Avoiding another needless ERROR during nbtree page deletion
Work from commit 5b861baa (later backpatched as commit 43e409ce)
taught nbtree to press on with vacuuming an index when page deletion
fails to "re-find" a downlink in the target page's parent (or in some
page to the right of the parent) due to index corruption.
To recap, avoiding ERRORs during vacuuming (even those caused by index
corruption) is useful because there is no reason to expect the error
to go away on its own; we're relying on the DBA to notice the error
and REINDEX before wraparound/xidStopLimit kicks in. This is at least
the case on versions before 14, where the failsafe can eventually
kick-in and avoid catastrophe (though the failsafe can only be
expected to avoid the worst consequences).
It has come to my attention that there is a remaining issue of the
same general nature in nbtree VACUUM's page deletion code. Though this
remaining issue seems significantly less likely to come up in
practice, there is no reason to take any chances here. Attached patch
fixes it.
Also attached is a bugfix for a minor issue in amcheck's
bt_index_parent_check() function, which I noticed in passing, while I
tested the first patch. We assumed that we'd always land on the
leftmost page on each level first (the leftmost according to internal
pages one level up). That assumption is faulty because page deletion
of the leftmost page is quite possible. Page deletion can be
interrupted, leaving a half-dead leaf page (possibly the leftmost leaf
page) without any downlink one level up, while still leaving a left
sibling link on the leaf level (in the leaf page that isn't about to
become the leftmost, but won't until the interrupted page deletion can
be completed).
IMV this should be backpatched all the way. The issue in question is
rather unlikely to come up. But the fix that I've come up with is very
well targeted. It seems just about impossible for it to affect any
user that didn't already have a serious problem (without the fix).
--
Peter Geoghegan
Attachments:
v1-0001-nbtree-VACUUM-cope-with-right-sibling-link-corrup.patchapplication/octet-stream; name=v1-0001-nbtree-VACUUM-cope-with-right-sibling-link-corrup.patchDownload
From b33e9b435954f4bc8cda481df697bdb4b1e04b9e Mon Sep 17 00:00:00 2001
From: Peter Geoghegan <pg@bowt.ie>
Date: Fri, 19 May 2023 16:20:55 -0700
Subject: [PATCH v1 1/2] nbtree VACUUM: cope with right sibling link
corruption.
Avoid "right sibling's left-link doesn't match" errors when vacuuming a
corrupt nbtree index: just LOG the issue and press on with vacuuming.
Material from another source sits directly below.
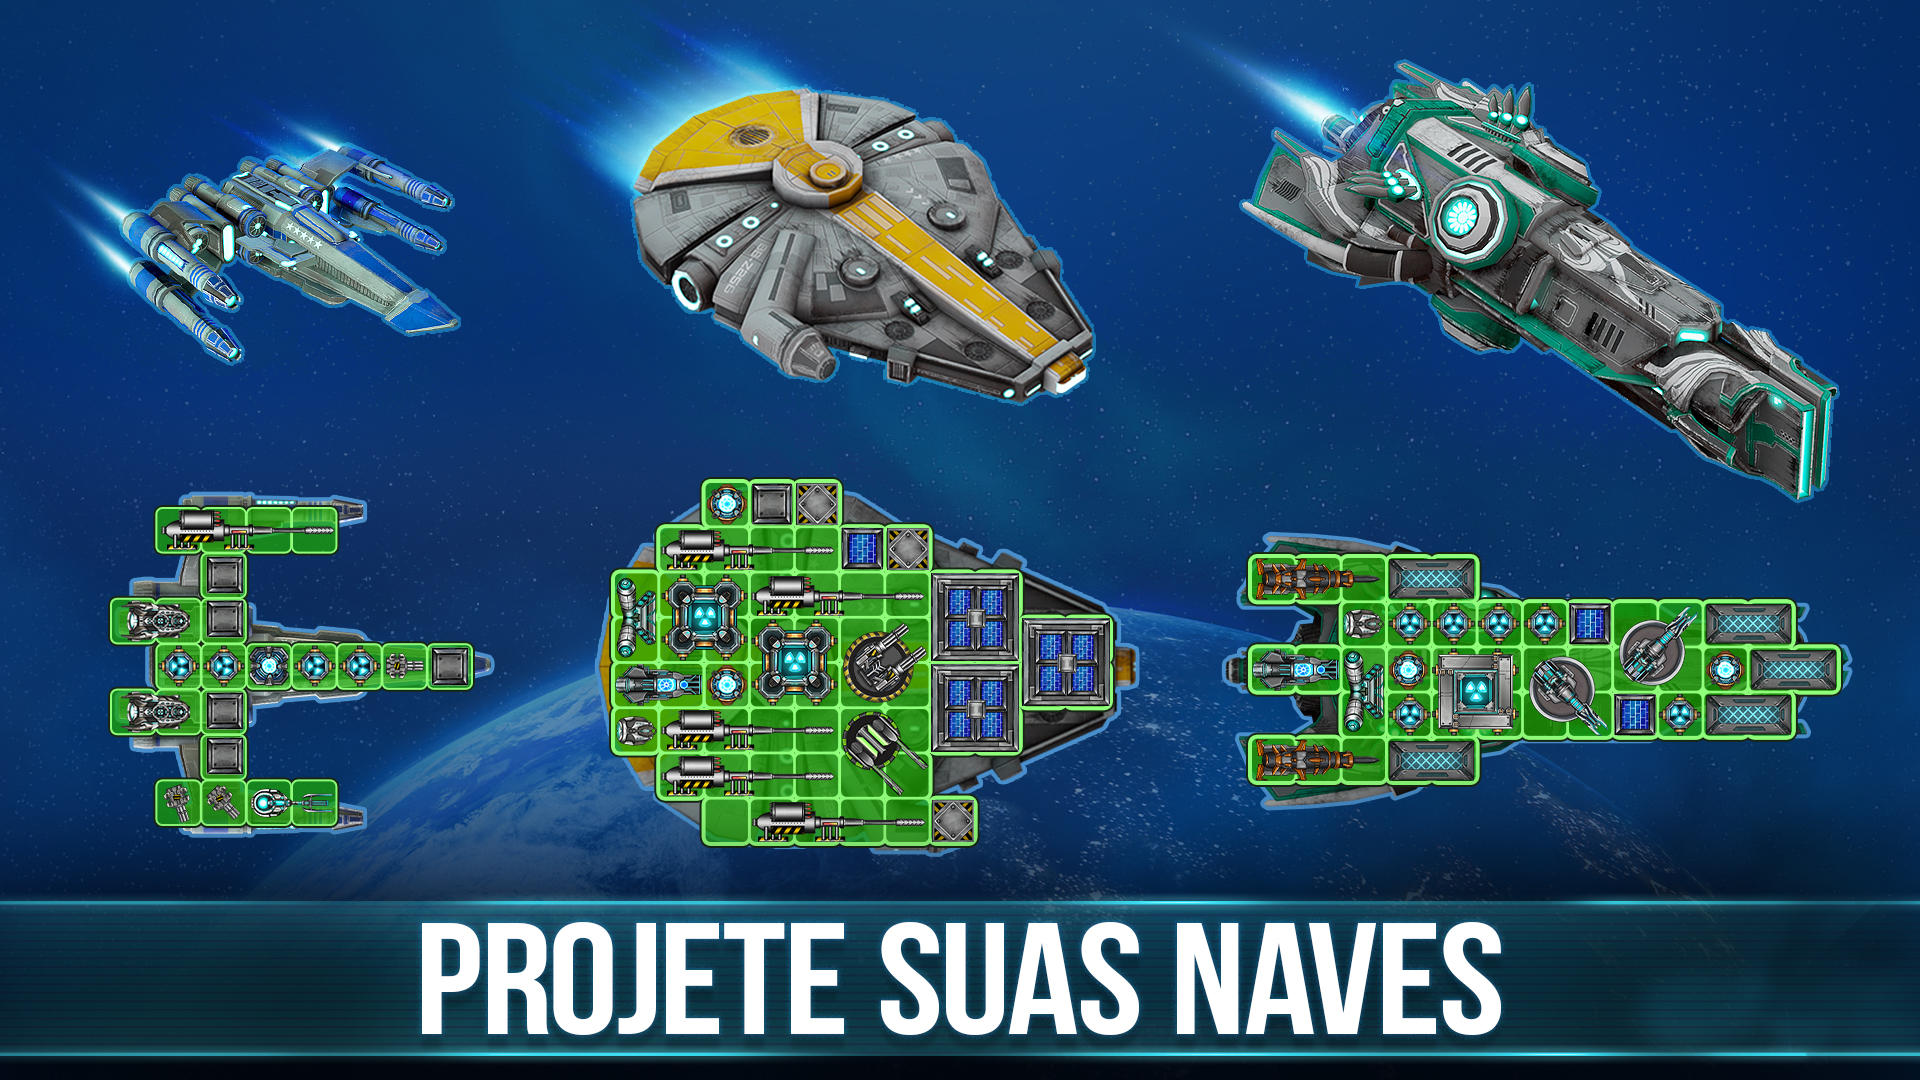 Screenshot 1 of Space Arena－Projete Suas Naves 3.9.2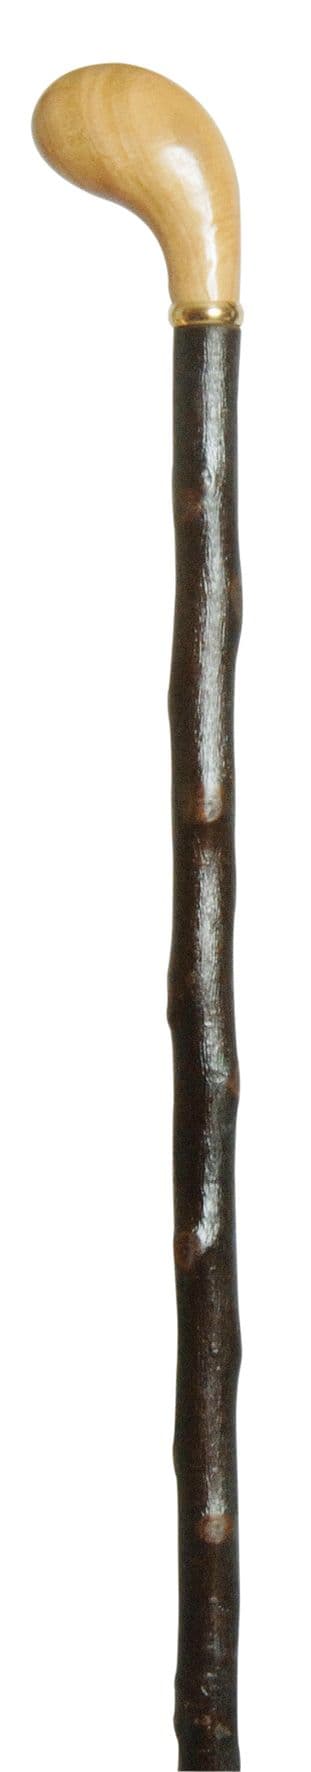 Classic Canes Pistol Grip Polished Beech with Hazel Shaft

This ERROR is seen in the field from time to time (it's not just a
theoretical possibility), even though the relevant check takes place
after various similar checks ran without detecting any problems.
It's worth avoiding such errors, even in the event of corruption.
Anything that makes VACUUM unable to make forward progress against one
table/index ultimately risks making the system enter xidStopLimit mode.
There is no good reason to take any chances here.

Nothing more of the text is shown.